Trust trauma and love are the vehicle with which I am hoping to draw people closer in line with a sustained contentment. This is done though the neuroplasticity of the mind and the deconstruction of the false self-narrative in a place of love. The work is about finding spaces that will open trauma for the individual and the patient then flooding that space with the love and acetylcholine that allows for lasting healing.
Some scientists use labs and test results I use tears, poems and becoming. If only we could fund them comparably or I could be moved in alignment with a scientist to explore the landscape of the true self together. Dr Andrew Weil is doing this as he pioneers the development of intelligent medicine. The combination of identifying illness and the focus on holism and healing. His frustration like mine was the limitations of his training at Harvard Medical School around focus on the medical model of exam, knowledge moves on.

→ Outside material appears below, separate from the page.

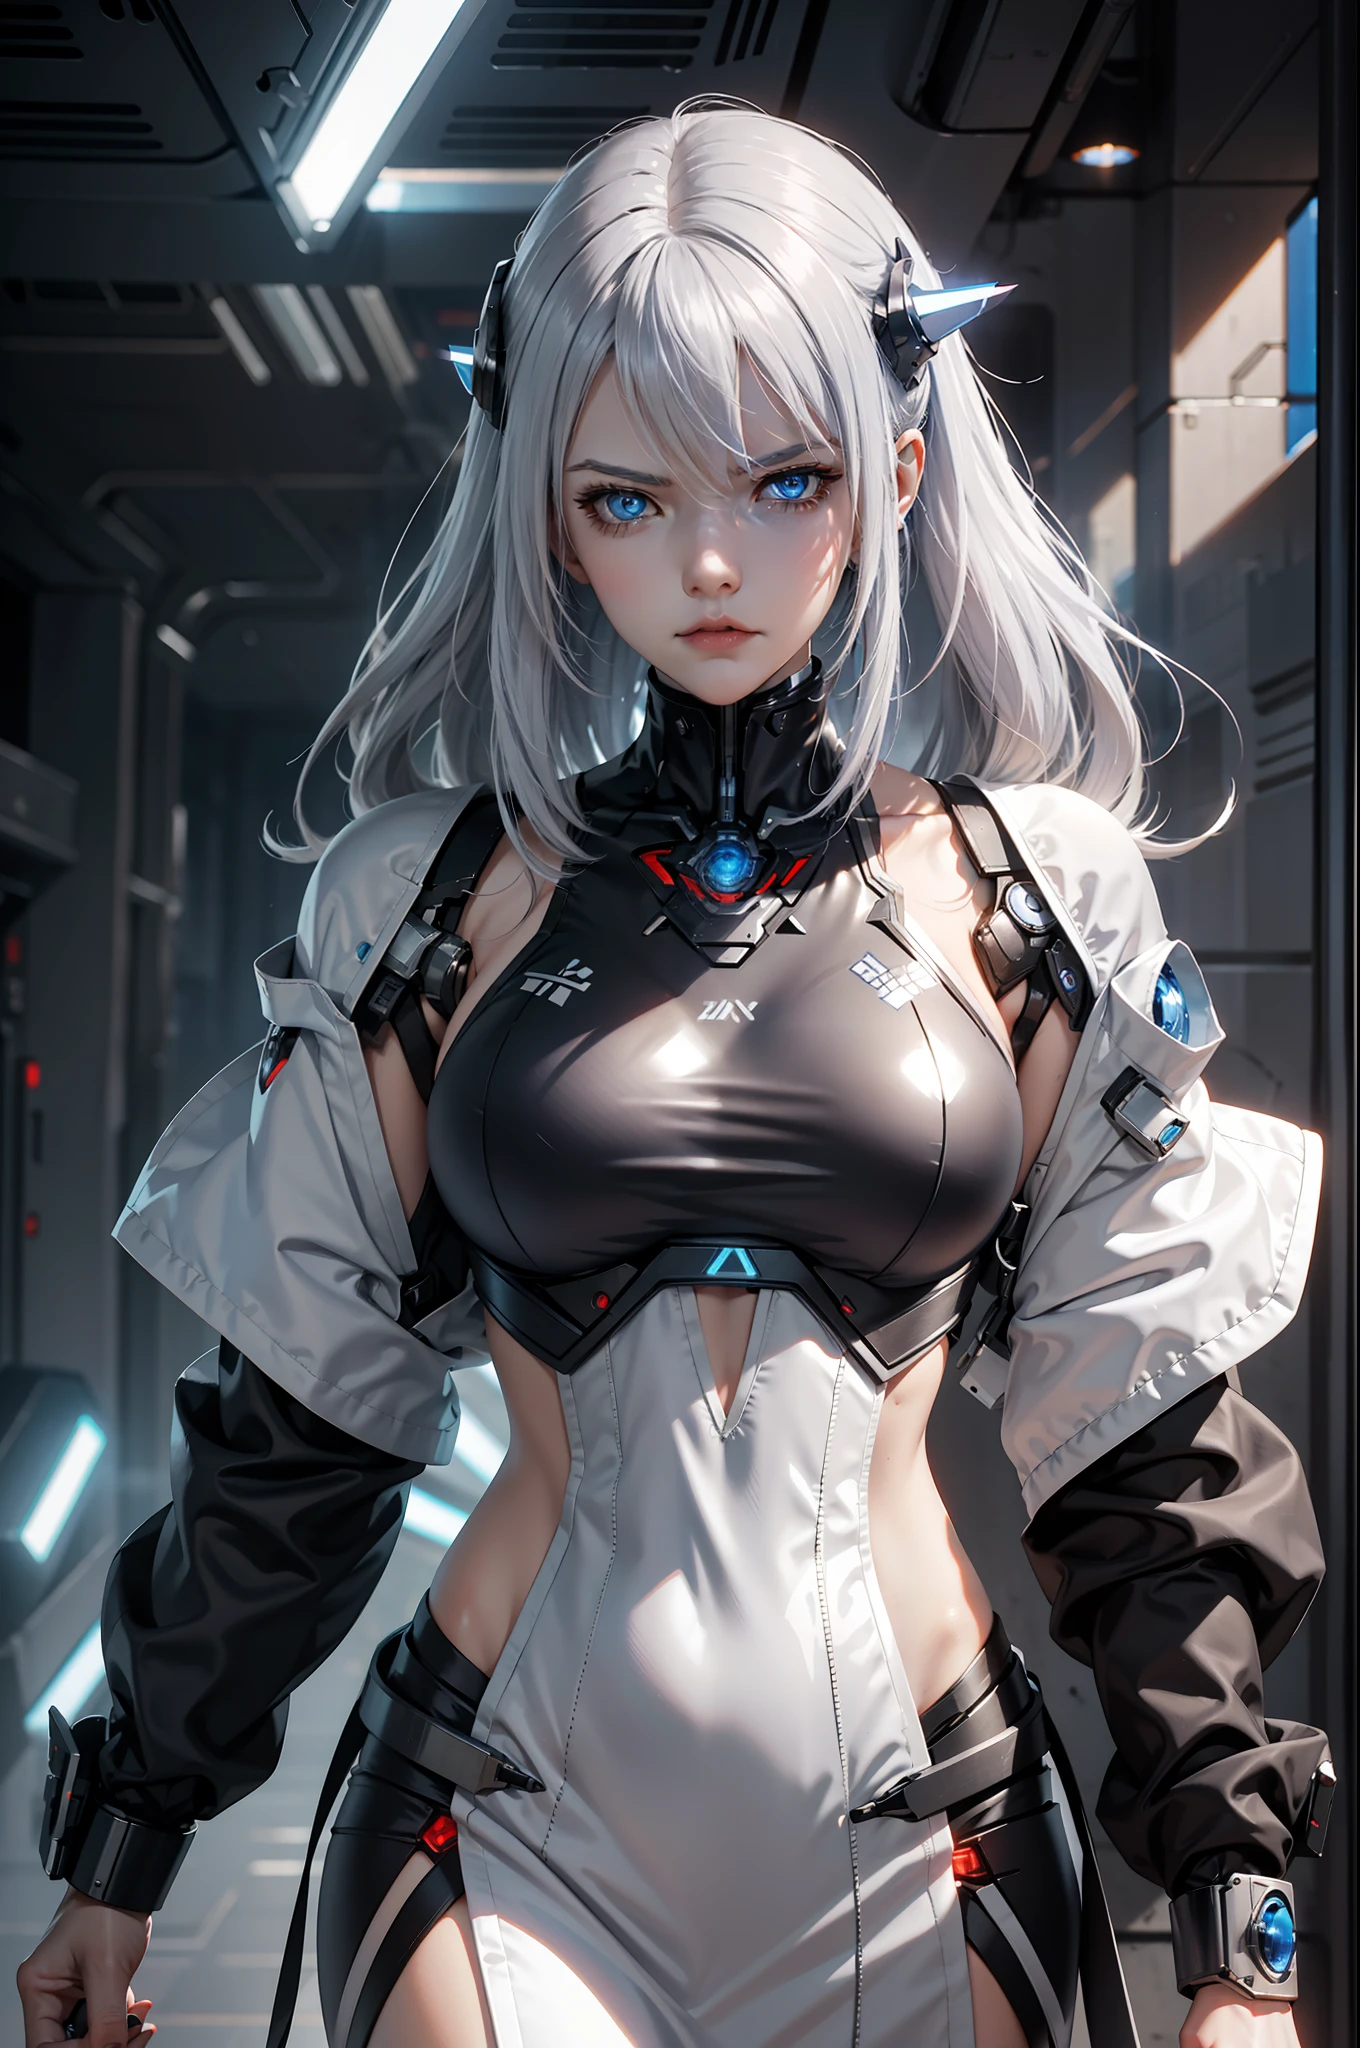 "Cyborg-Mädchen mit Schwert，silberne Haare und blaue Augen，Sci-Fi-Tapete，azur lane style，Cyberpunk mech girl，Wütende Cyborg-Frau，Kaputter schöner Roboter，SSSS.Gridman-Stil (2018)"

I have offered in my PhD a route map with topography, the possible reclamation of the individual in the vocational role of choice. Understanding through experience the pain of simply being confined and controlled into submission to limitations. Limitations not bound by the soul of the nurse or the patient but the walls and structures of the organisations they reside within. My poetry, art and music are my test tube, Petri dish and data sets. The heartbreak comes with the lack of insight showed by others when it simply comes to money and process ahead of potential small organic change.
It aligns heavily with the next installation (the final one I hope) where I am aiming to foster an alignment between the internal emotion and the external realities. I also like Dr Weil and his integrated medicine approach to awareness and healing. It has offered me yet more research to defend my position. It’s very easy to discredit a poet nurse dreamer. I don’t have the test tubes and excel spreadsheets. But I have the testimonies of many future practitioners who have alignment rather than fear and oppressional emotions with which to start their professional careers.
So, I guess now I wait? I wait for the examiners to be found. The brave thinkers who are happy to suspend linear expectations in preference for a visceral and full sensory being. I have the music of my mind formed. The poetry of my heart penned and the suspense and meaning held in my art, is breathing still.